Accused Shooter Was Willing To Kill Everyone at Ex-KY Lawmaker’s House To Get His Bunker: Detective

The man accused of shooting and killing a former Kentucky lawmaker’s daughter during a home invasion last month did it to gain access to a bunker beneath the home.

C. Wesley Morgan previously told reporters he thought his “doomsday bunker” might have been the reason Shannon Gilday, 23, broke into his home on February 22 and fatally shot his attorney daughter, 32-year-old Jordan Morgan, as CrimeOnline previously reported.

During a preliminary hearing this week, a Kentucky State Police detective said that Gilday himself confirmed Morgan’s thoughts on the matter.

“He wanted the security of the bunker,” Cameron Allen said, according to the Lexington Herald-Leader. “He stated that his beliefs at the time, given the current political environment in our country as well in the world at this time, and the events that had taken place throughout the world, that he wanted to access this bunker and secure it for himself and his family and friends.”

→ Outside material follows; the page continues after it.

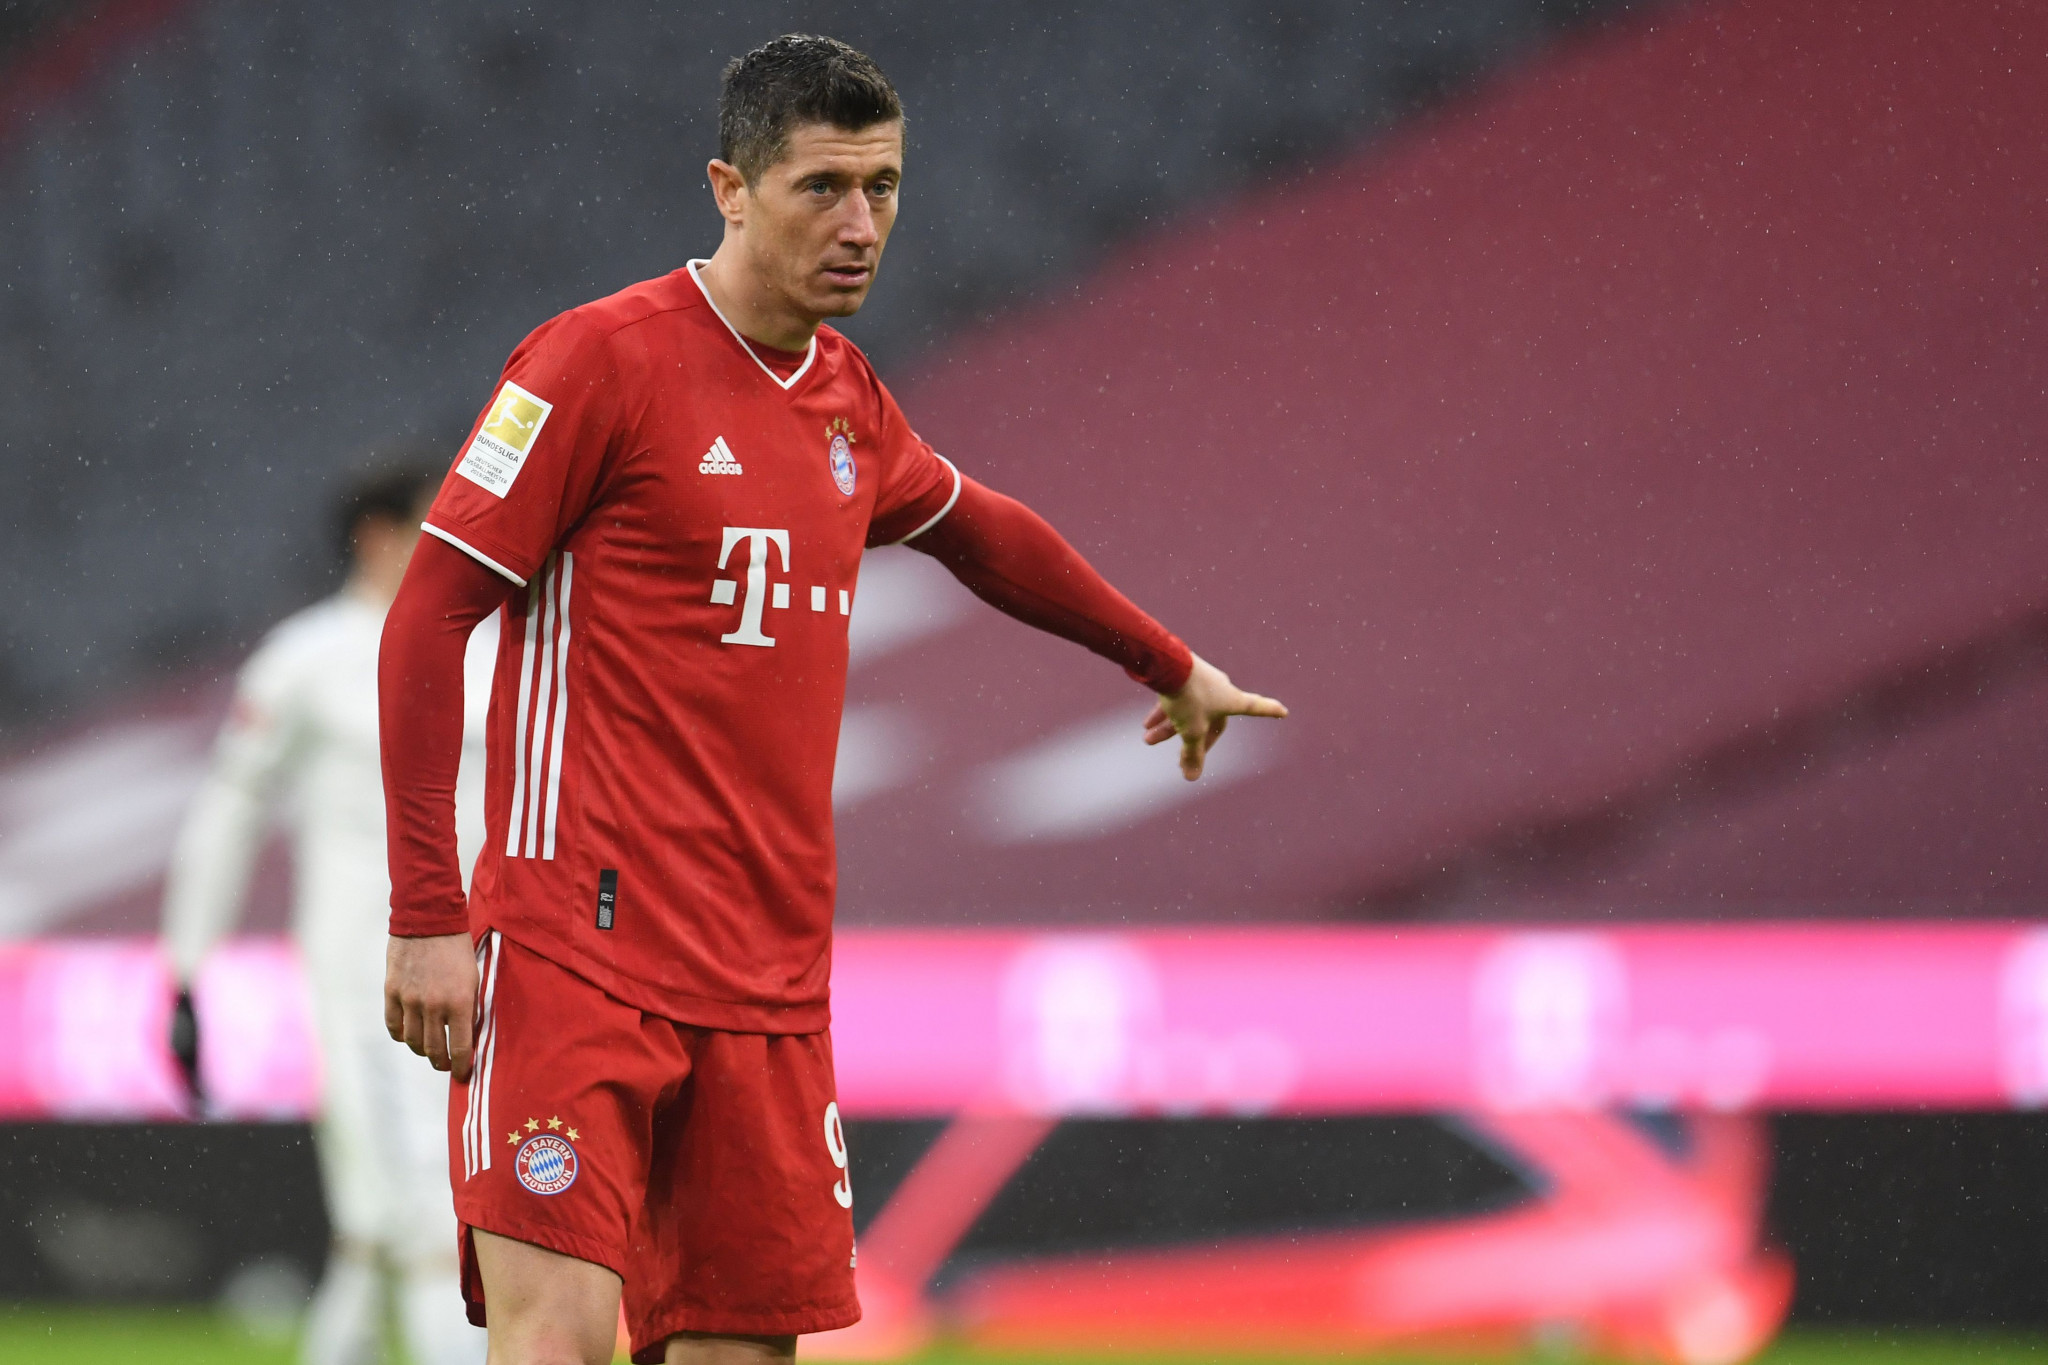 Robert Lewandowski will be a threat for Bayern Munich during the FIFA Club World Cup ©Getty Images
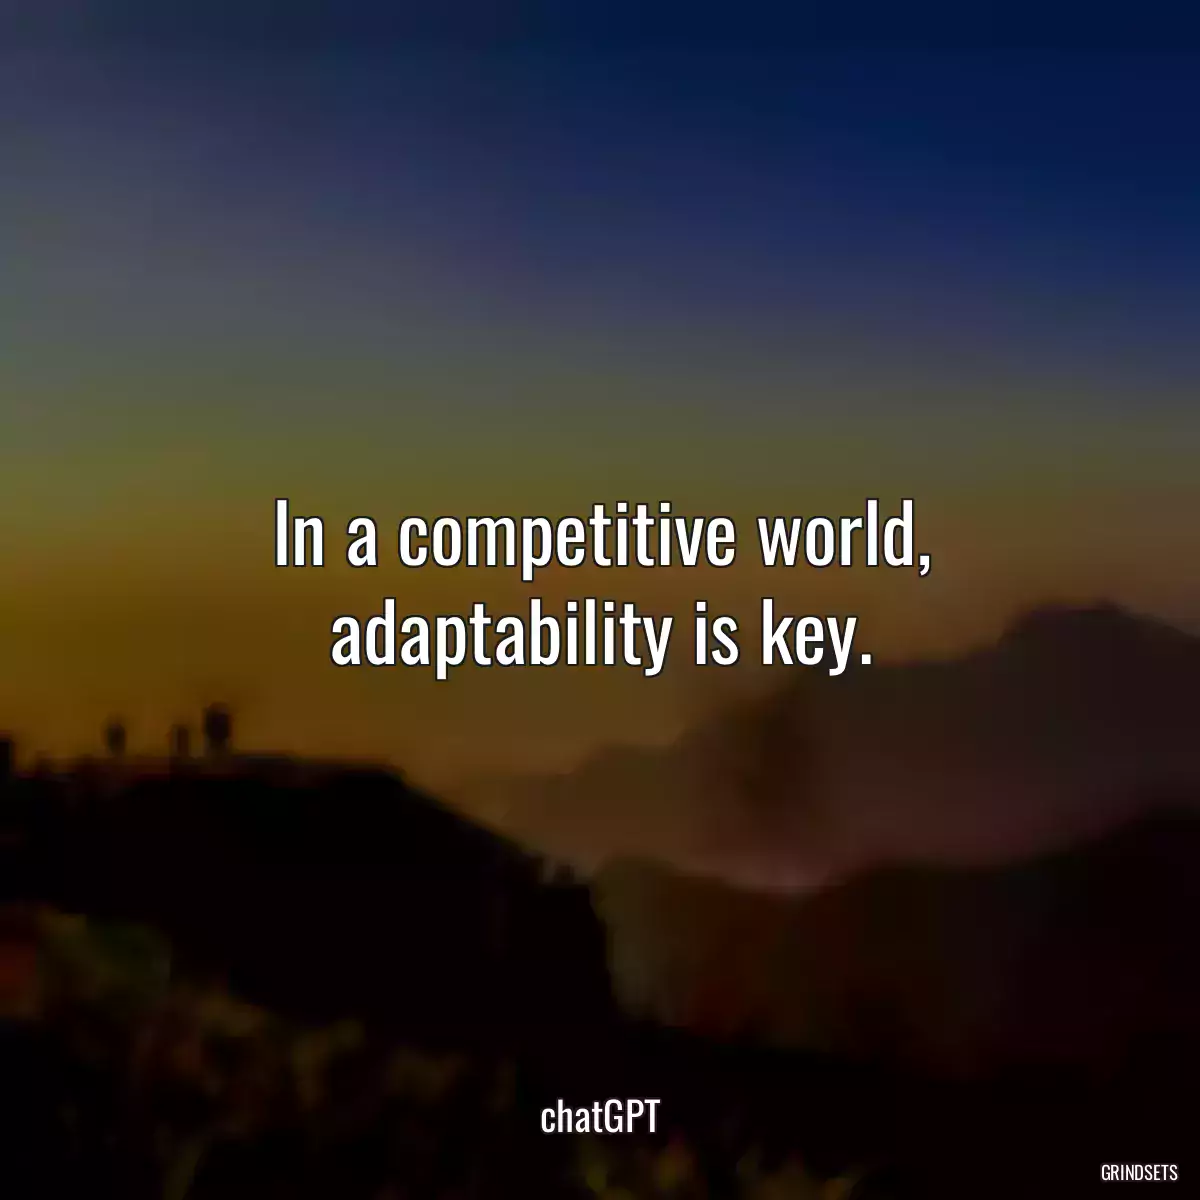 In a competitive world, adaptability is key.

Gilday, Allen said, said he was willing to kill everyone in the house to get the bunker, which is included in a for sale listing about the house and has been written about by the Herald Leader in the past. The 200-acre estate is listed for sale at $6.5 million.

Allen said that Gilday told him he shot his way in the Morgan mansion “armed with an AR-15 rifle that he had owned at the time and had owned for several years.”

Gilday “confessed to shooting Jordan Morgan numerous times in her bed,” Allen said, as well as engaging in a shootout with her father. He also fired into the bedroom door of the former lawmaker’s teenage daughter because he believed there were more people in that room.

C. Wesley Morgan was wounded in the shooting. Morgan’s wife Lindsay and teenage daughter fled the house during the shoot out and were not hurt.

Allen also said that search warrants uncovered the AR-15, military fatigues, and a long nylon rope in Gilday’s car. Gilday was wearing the fatigues during the home invasion. A search warrant conducted at Gilday’s apartment located notes and documents linked to the attack, including directions to the home, descriptions of the family’s sleep schedules, and a layout of the mansion with potential access points marked.

According to a search warrant obtained by the Herald Leader, a friend told investigators that Gilday had been dishonorably discharged from the military at some point.

Police named Gilday as the suspect in the shooting on February 23 and arrested him five days later. He was charged with murder, two counts of attempted murder, assault, burglary, and criminal mischief.

At this week’s hearing, Madison District Judge Charles Hardin determined there was probable cause to move forward with the case and sent it to a grand jury. Gilday is being held at the Madison County Detention Center without bond.